In an example embodiment, the ferromagnetic core has a length of
approximately 1 cm or less.
[0041] In an example embodiment, the implanted portion includes an
implanted coil inductively coupled with the external coil,
electronic circuitry for receiving through the implanted coil the
stimulation, control and power signals, an electrode array having a
multiplicity of electrode contacts adapted to be placed within the
cochlea of a user, and a pulse generator for generating stimulation
pulses that are directed to selected electrode contacts within the
electrode array as controlled by the control signals. In an example
embodiment, the implanted coil includes two symmetrical lobes. In
an example embodiment, the implanted coil is larger than the
external coil. In an example embodiment, the size disparity between
the coils is sufficiently large to provide a flattened coupling
coefficient response in response to an increase in distance between
the coils.
[0042] In an example embodiment, a cochlear stimulation apparatus
includes an implantable device including electrodes configured to
be fitted within the cochlea of a user, circuitry for processing
signals to generate stimulation pulses that are directed to the
electrodes, and a receiving coil, and an external device including
circuitry for processing sensed sound information to generate the
signals, the external device including a transfer coil for
communicating the signals from the external device to the
implantable device, the transfer coil being inductively coupled to
the receiving coil, wherein the receiving coil is sufficiently
larger than the transfer coil to provide a flattened coupling
coefficient response in response to an increase in distance between
the coils.
[0043] In an example embodiment, the external device includes a
ferromagnetic core for providing a low reluctance path between the
transfer coil and the receiving coil. In an example embodiment, the
transfer coil surrounds the ferromagnetic core at a center portion
of the ferromagnetic core. In an example embodiment, the
ferromagnetic core has a length of approximately 1 cm or less. In
an example embodiment, the ferromagnetic core includes ends that
are positioned at substantially equal distances from opposite
inside walls of the external device.
[0044] In an example embodiment, the receiving coil includes two
symmetrical lobes.
[0045] In an example embodiment the external device includes a
housing that is symmetrical in shape such that the external device
can be used for either the left or right ear.

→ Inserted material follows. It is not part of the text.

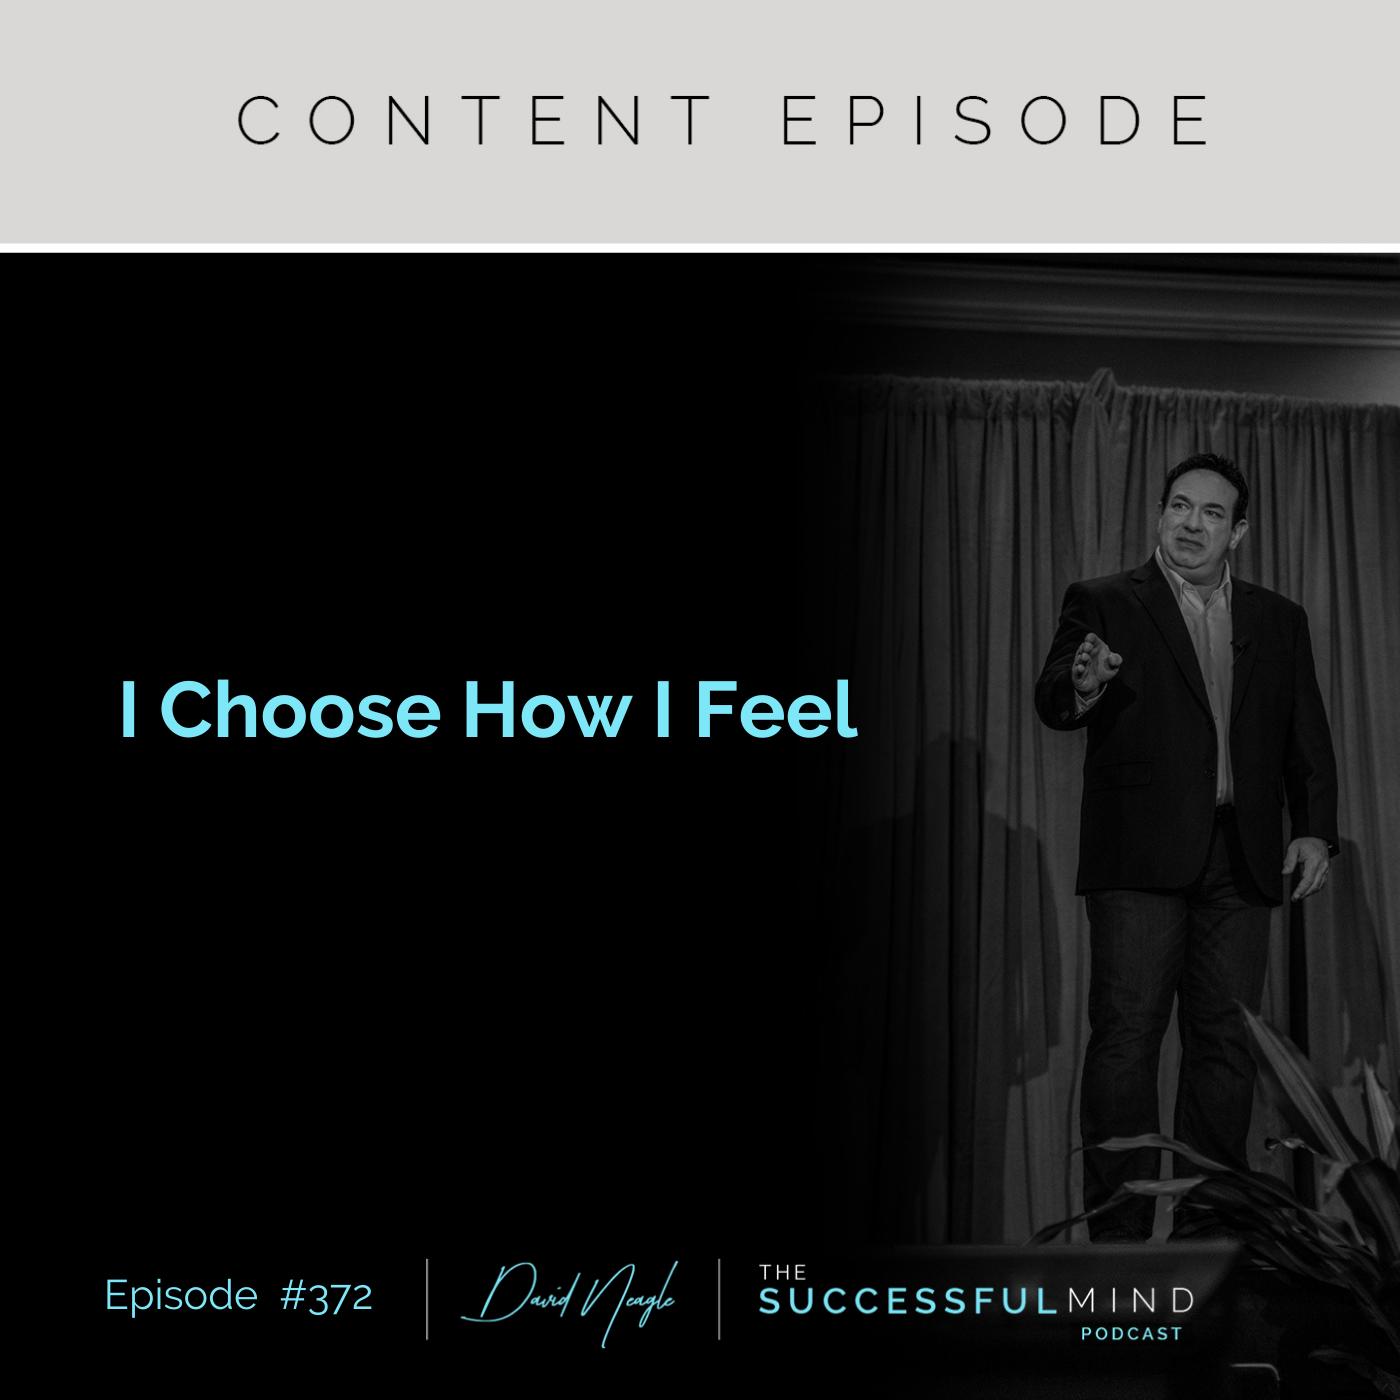 The Successful Mind Podcast – Episode 372 – I Choose How I Feel
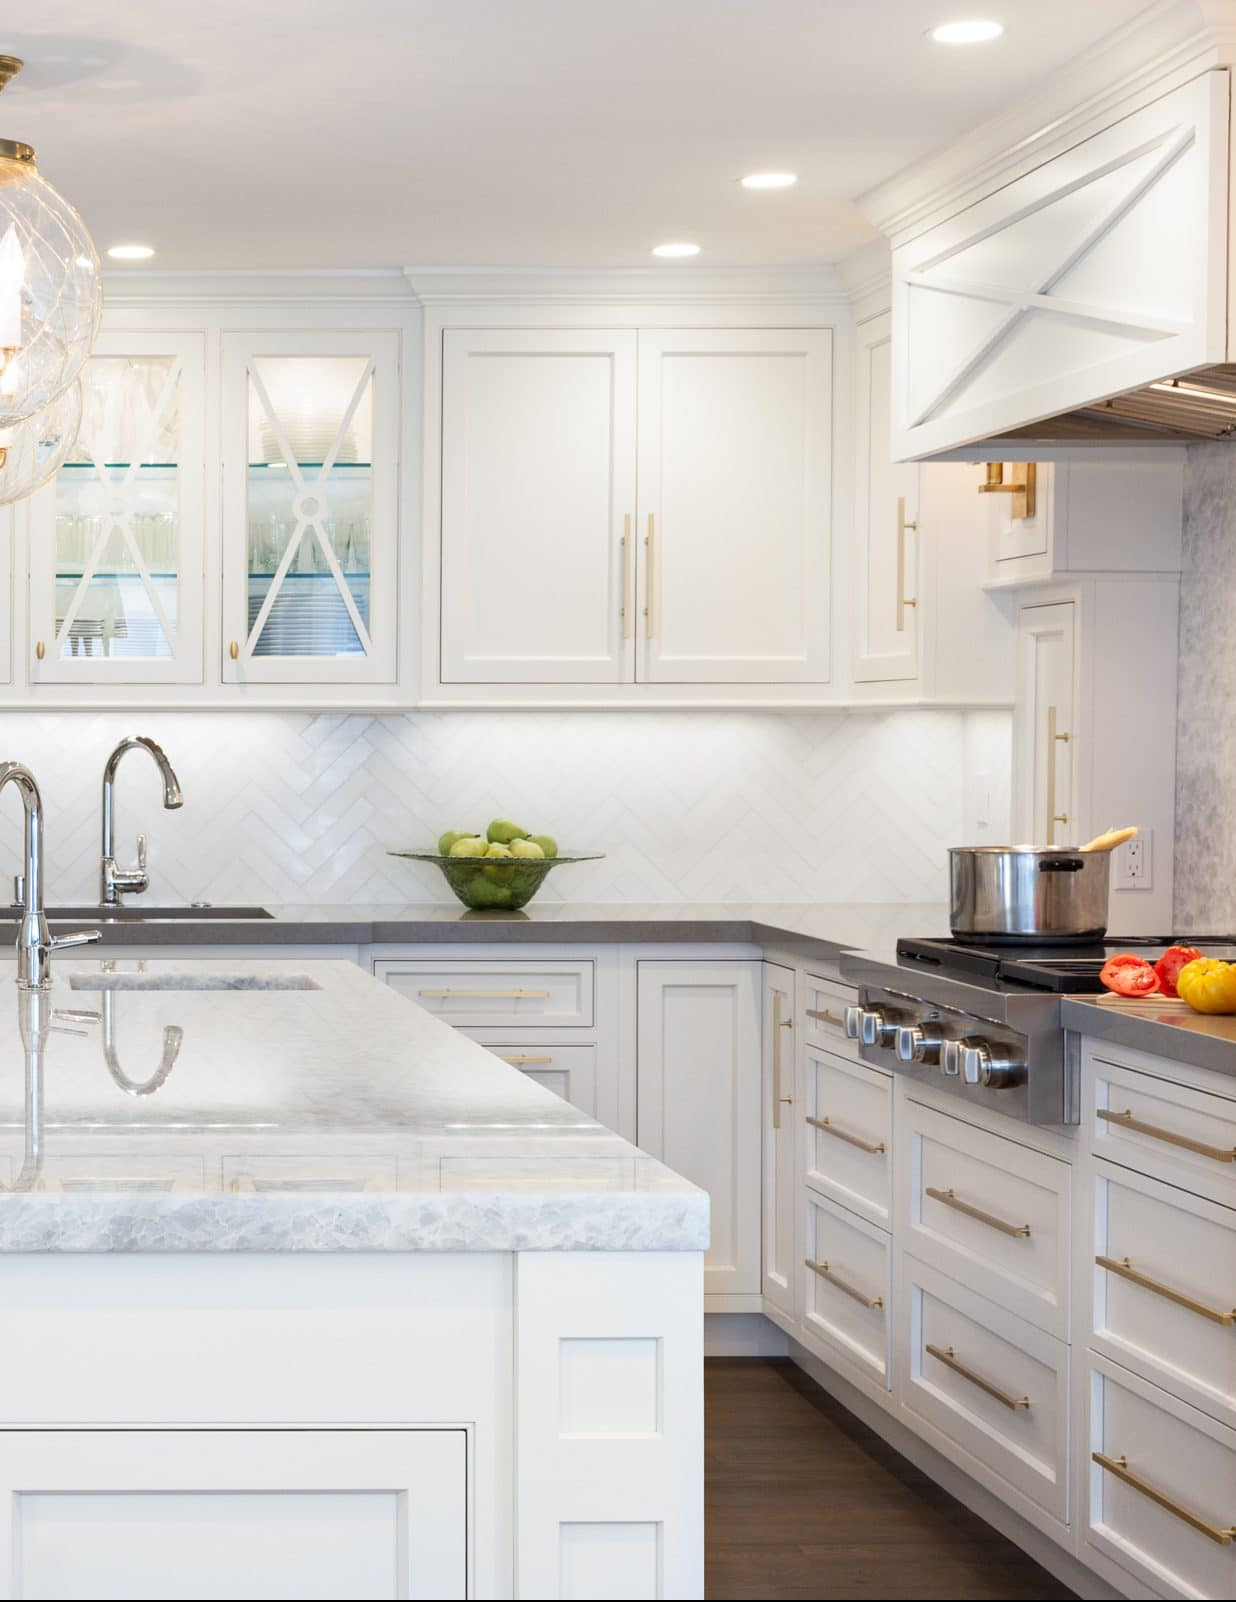 5 Pro Kitchen Lighting Tips 3 Recessed Led Lighting

[0046] In an example embodiment, the external device includes a
behind-the-ear (BTE) unit.
[0047] In an example embodiment, the external device includes an
ear hook.
[0048] In an example embodiment, the external device is a single,
integral unit.
[0049] Various advantages are potentially achieved through use of
the present invention. These advantages include, but are not
limited to, reduced cost, improved cosmetics, improved reliability,
elimination of the headpiece, a smaller-sized implant unit which
requires no magnet, a reduced incision size during surgery when
implanting the implanted portion, a carrier signal having a
frequency legally allowed by regulatory agencies, and improved
performance. In various embodiments, a fully implantable one-piece
system may last up to 20 years or more.
BRIEF DESCRIPTION OF THE DRAWINGS
[0050] The above and other aspects of the present invention will be
more apparent from the following more particular description
thereof, presented in conjunction with the following drawings
wherein:
[0051] FIG. 1 is a block diagram of an implantable stimulation
system, such as the implantable cochlear stimulation system of the
present invention;
[0052] FIG. 2 depicts an electrode array that is used with an
implantable cochlear stimulation system;
[0053] FIG. 3 shows a behind-the-ear (BTE) external speech
processor coupled to a headpiece, as is used with cochlear
stimulation systems of the prior art;
[0054] FIG. 4 illustrates a headpieceless BTE external speech
processor positioned behind the ear of a user in accordance with an
example embodiment of the present invention;
[0055] FIG. 5 schematically illustrates various components of a
Micro System, which is an example form of a headpieceless and
magnetless cochlear implant system, in accordance with an example
embodiment of the present invention;
[0056] FIG. 6 schematically provides an overview of the Micro BTE
of FIG. 5 and a Micro Implantable Cochlear Stimulator (ICS)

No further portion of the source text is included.